Plus de 100 pays à travers le monde (soit quelque 40% du PIB mondial), ne souhaitent pas s'aligner sur les sanctions occidentales. C'est dire si l'impact d'un embargo s'en retrouve amoindri.

L'échec européen

Et c'est sans compter l'échec de l'Europe, fortement dépendante, à se passer rapidement des achats de pétrole russe. Une occasion manquée, juge Maria Shagina, experte en sanctions à l'Institut international d'études stratégiques, interrogée par le Washington Post. «Si nous avions ciblé le pétrole dès le début, nous aurions pu voir beaucoup plus rapidement les conséquences massives dont parlaient les politiciens», affirme-t-elle.

Une dynamique vouée à évoluer: l'Union européenne s'apprête à se calquer sur les Américains en interdisant la plupart des achats russes de pétrole brut en décembre, juste avant les produits pétroliers raffinés, en février.

Patience, patience...

La plupart des économistes s'accordent sur le fait que la Russie subit, derrière son apparente indifférence, de réels dommages. Si elle parvient à se maintenir à flots pour le moment, c'est à coup de mesures artificielles et peu pérennes.
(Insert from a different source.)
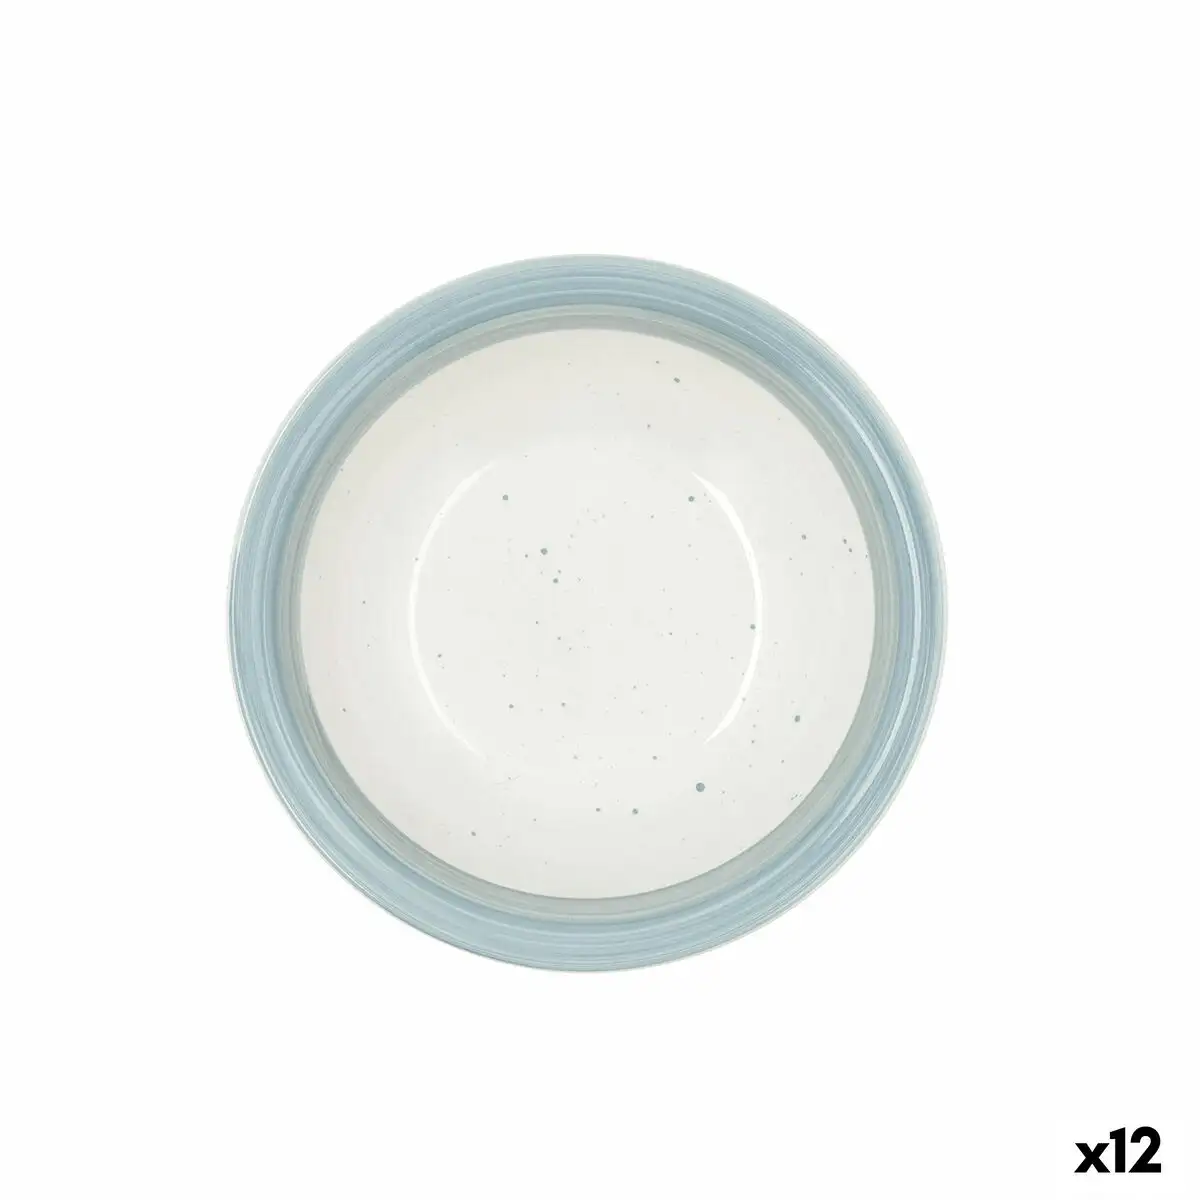 Assiette creuse quid allegra aqua ceramique bicolore o 21 5 cm 12 unites _3706. DIAYTAR SENEGAL - Où Choisir Devient une Découverte. Explorez notre boutique en ligne et trouvez des articles qui vous surprennent et vous ravissent à chaque clic.

Tout récemment, une équipe d'économistes de l'Université de Yale a remué le couteau dans la plaie: «Les gros titres défaitistes, affirmant que l'économie russe a rebondi, ne sont tout simplement pas factuels. A tous égards et à tous les niveaux, l'économie russe est sous le choc, et ce n'est pas le moment de freiner». Pour pouvoir observer des plaies béantes, il va seulement falloir attendre.

«Il s'agit vraiment d'une lente détérioration. Vous savez, ça ne se ressent pas du jour au lendemain. Ça va s'accumuler au fil des semaines»
Oleg Itskhoki, économiste à l'Université de Californie à Los Angeles, interrogé par le média NPR

Selon la boule de cristal et les prédictions de The Economist, les ravages de l'isolement de la Russie par les marchés occidentaux devraient se faire sentir... d'ici trois à cinq ans. Le média américain mise sur 2025: cette année-là, «un cinquième des avions civils pourraient être immobilisés, faute de pièces de rechange».

Comme le conclut Oleg Itskhoki: «Rien n'indique que la guerre prendra fin dans les prochains mois, mais les sanctions fonctionnent dans le sens voulu. Elles rendent de plus en plus difficile la poursuite de l'activité économique.»

Les sanctions sont efficaces lorsqu'elles forcent les dirigeants politiques à faire un choix entre financement de la guerre et financement de l'économie. Ne reste donc plus qu'à attendre - et espérer - que les fissures se creusent.